The stretcher-bearers and the doctors we could also see working calmly among the sand dunes, ignoring snipers’ bullets as though they had been harmless flakes of snow. Slow and painful files of the wounded—those who could walk or stagger along were being guided to protected places until the coming of night might enable their removal to the hospital ships.

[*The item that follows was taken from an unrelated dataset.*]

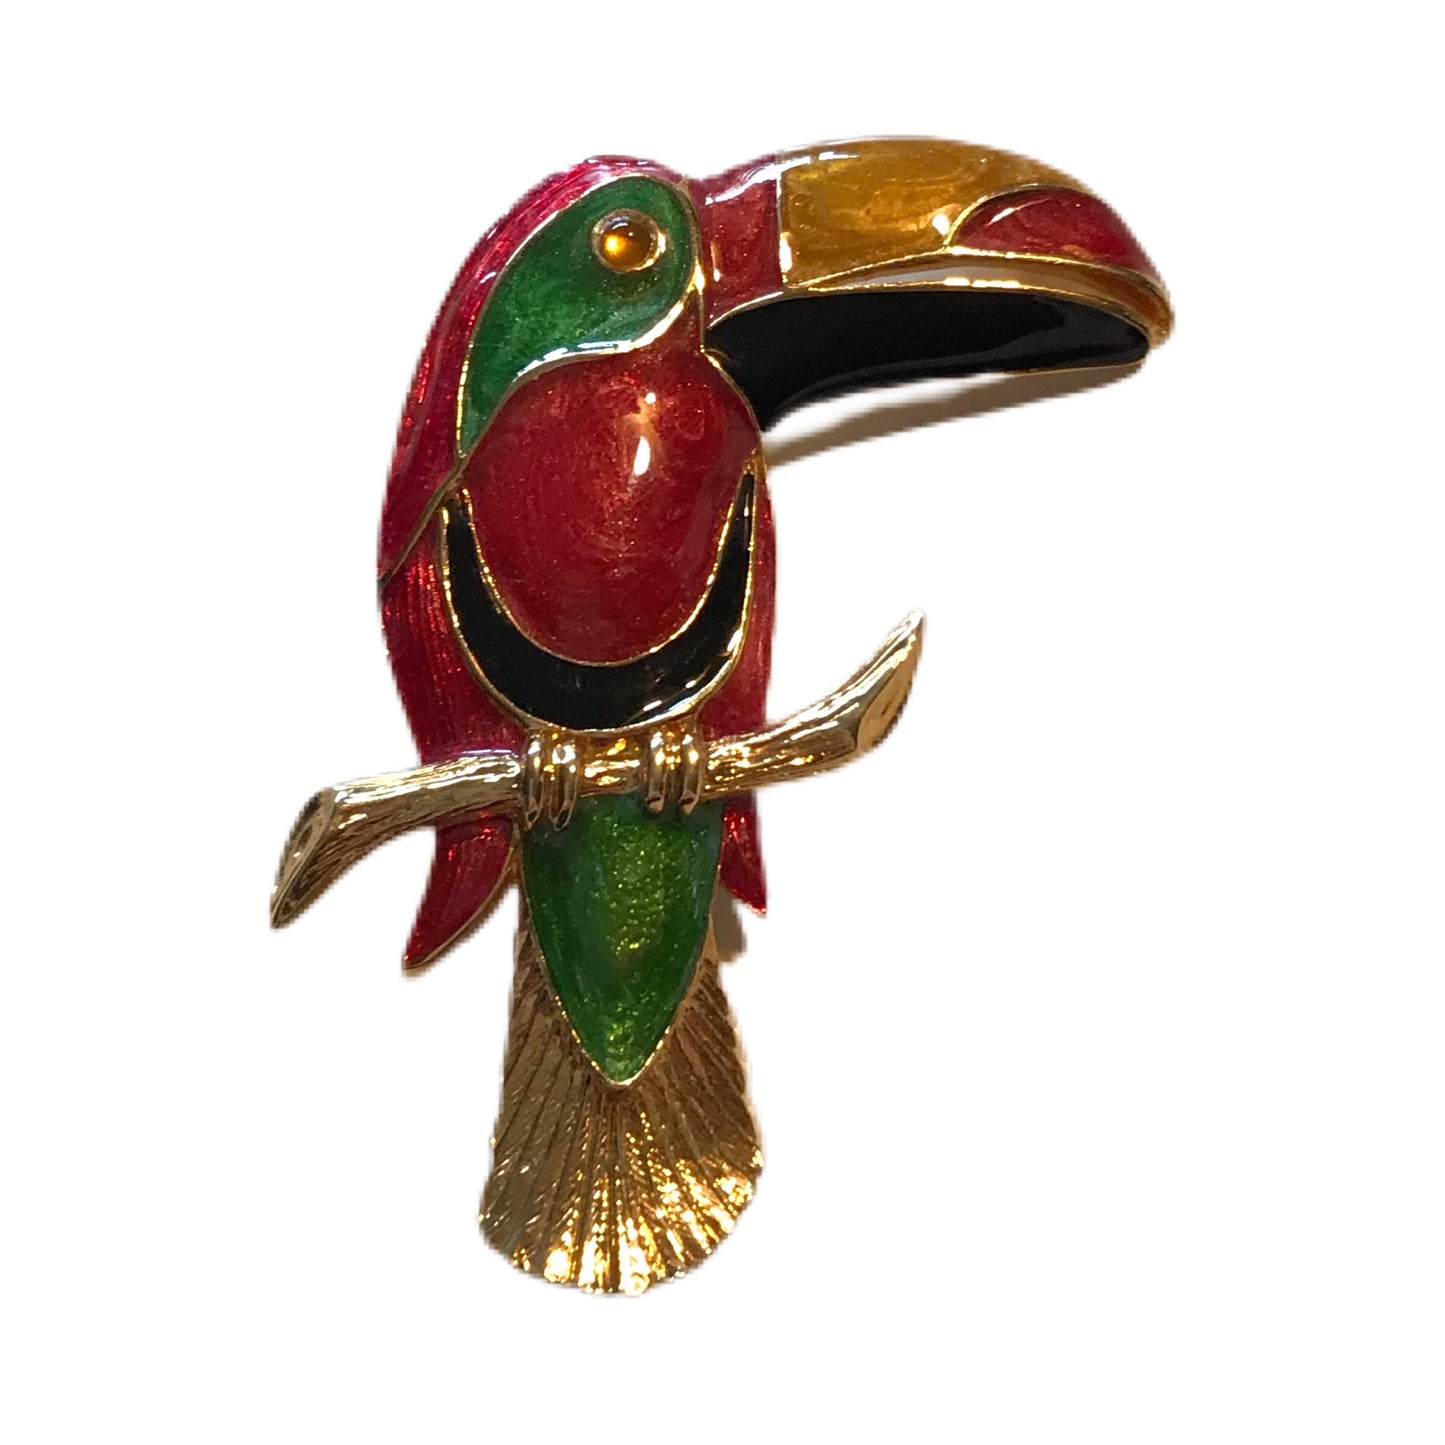 Huge Red and Green Enameled Toucan Brooch circa 1970s
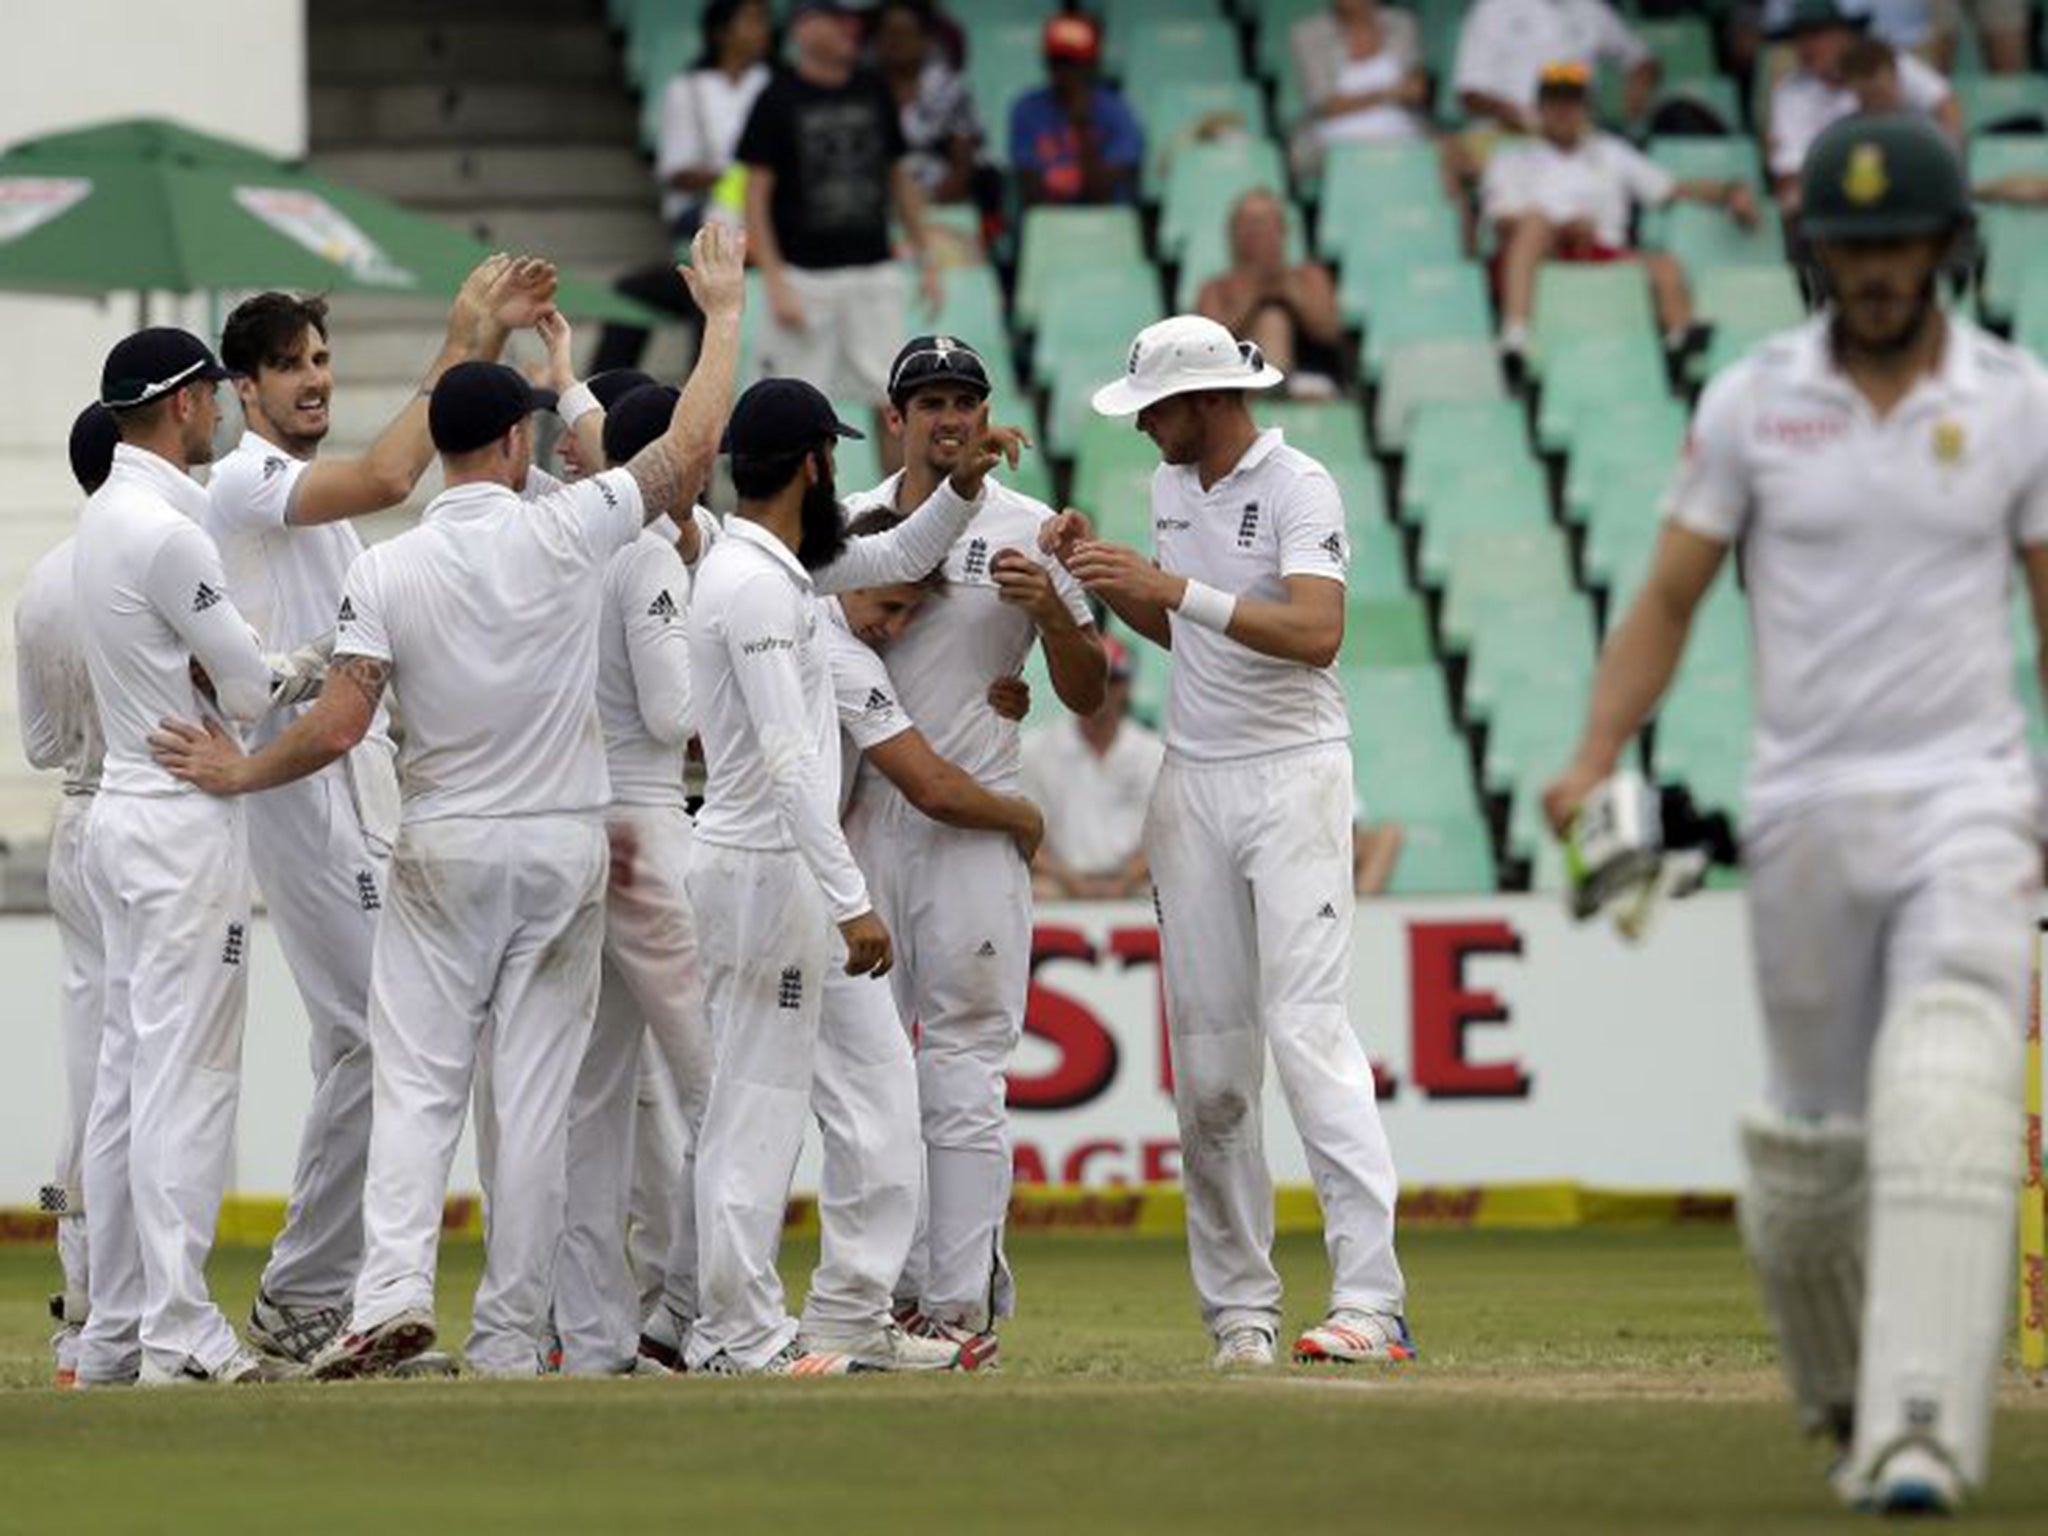 Steve Finn (second from left) celebrates after having South Africa batsman Faf du Plessis caught in the slips at the end of the day’s play

As for the dead whose countless prone bodies strewn upon the beach with curious pitiful inertness so different from that of sleep, that you know instinctively means death—there was no use then risking live men to give the dead the attention, to award them such decencies of care and burial as were their due. This also would be the work of the night. Yes, and with many a man as he worked over the graves of his fallen comrades pitching into that grave, himself become a dead man—betrayed to a sniper by the moonlight’s gleam.

Twilight veiled the sun and then very suddenly black night came.

Well, we had done the thing, done what many men of authority had thought it would be impossible for us to do, what Lord Kitchener was afterward to describe as one of the most brilliant feats of bravery and soldiering of the war. We had effected a landing at Gallipoli. Perilously we were to hold our place on this narrow little peninsula, this back door of the Dardenelles, for months to come.

But at what a price! And through what suffering and horror!

Out of the 20,000 men who landed at Gallipoli by my own observation and all report, I do not think that 1,000 are alive today!